Adnoc Gas, estimated to have the seventh largest gas reserves globally, awarded a $3.6 billion contract to the joint venture between National Petroleum Construction Company and Tecnicas Reunidas to expand its gas processing infrastructure in the UAE.
The contract includes the commissioning of new gas processing facilities that will enable an optimised supply to the Ruwais Industrial Complex, the company said in a statement on Wednesday to the Abu Dhabi Securities Exchange, where its shares trade.

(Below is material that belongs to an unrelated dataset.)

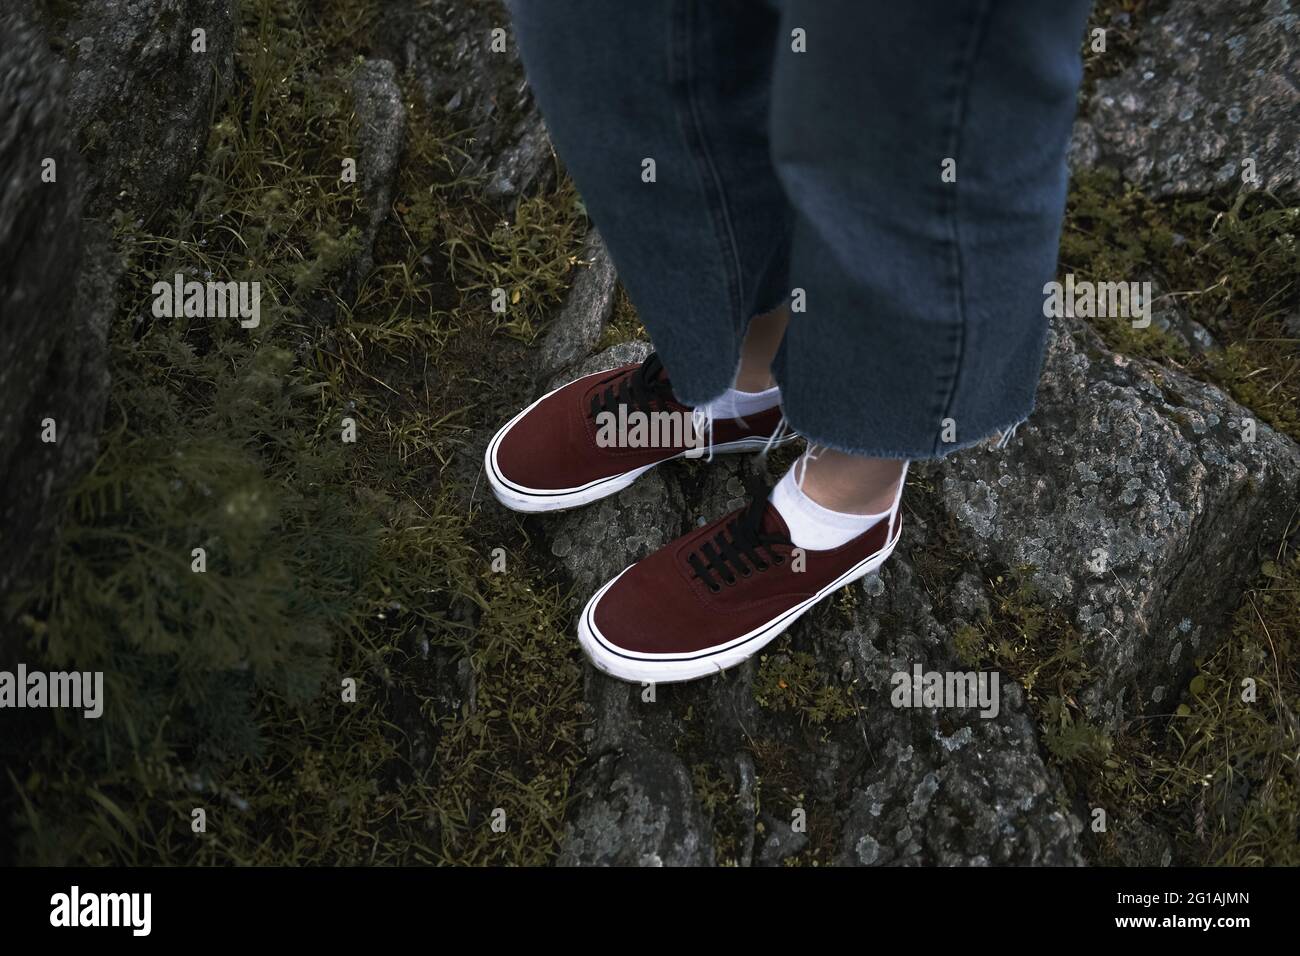 Dunkelrote Schuhe auf den Felsen, Wandern im Freien in der Natur  Stockfotografie - Alamy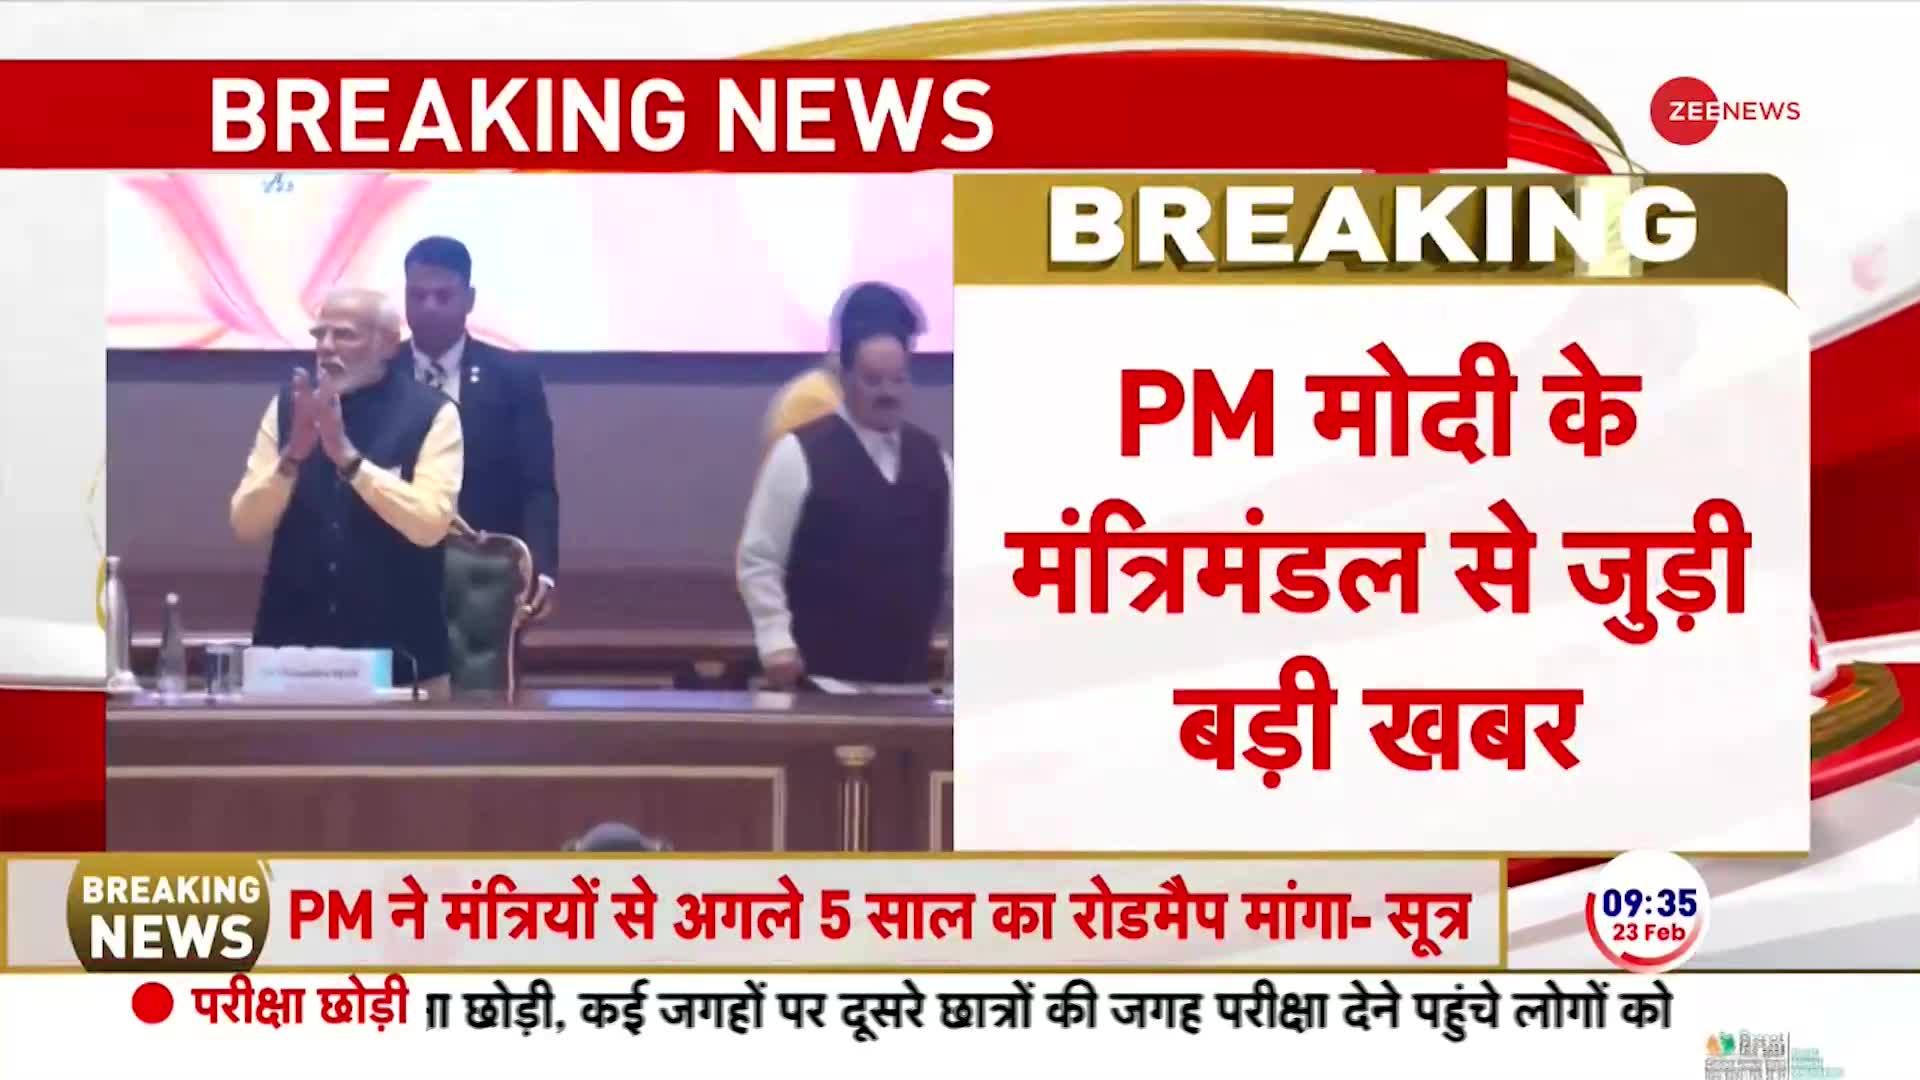 PM Modi Instruction to Cabinet Ministers: PM ने मंत्रियों से मांगा अगले 100 दिन का एक्शन प्लान

The integrated gas processing unit of Adnoc said the strategic Maximising Ethane Recovery and Monetisation project aims to increase ethane extraction, by a range of 35 - 40 per cent, from the company's existing onshore facilities in the Habshan complex through the construction of gas processing facilities.
It will also help unlock further value from existing feedstock and deliver it to Ruwais through a dedicated 120 kilometre natural gas liquids pipeline.
More than 70 per cent of the award value will flow back into the UAE’s economy under Adnoc's In-Country Value programme.
"This capital project represents Adnoc Gas’ latest investment in its gas processing infrastructure and underscores our commitment to responsibly meeting our customers’ current and future energy demand for natural gas and its feedstock," said Adnoc Gas chief executive Ahmed Alebri.
"The expansion of our gas processing infrastructure will also provide additional energy to the country’s growing industrial section, while stimulating economic growth and diversification through the significant ICV generated by the contract.”
Adnoc Gas has access to 95 per cent of the UAE's natural gas reserves and supplies more than 60 per cent of the country's gas needs.
Natural gas, an important raw material in industrial value chains, is a seminal transitional fuel with lower carbon emissions when burnt compared to other fossil fuels.
Earlier this year, Adnoc raised about $2.5 billion from the sale of a 5 per cent stake in Adnoc Gas.
The company's initial public offering was the largest listing in the world at the time, drawing more than $124 billion in orders from investors.
The Middle East is expected to spend up to $120 billion to boost natural gas production by more than 19 per cent by 2030, according to energy consultancy Wood Mackenzie.
The region’s natural gas output will rise to 86 billion standard cubic feet a day by the end of the decade, from 72 bcfd currently, it said in a report in May.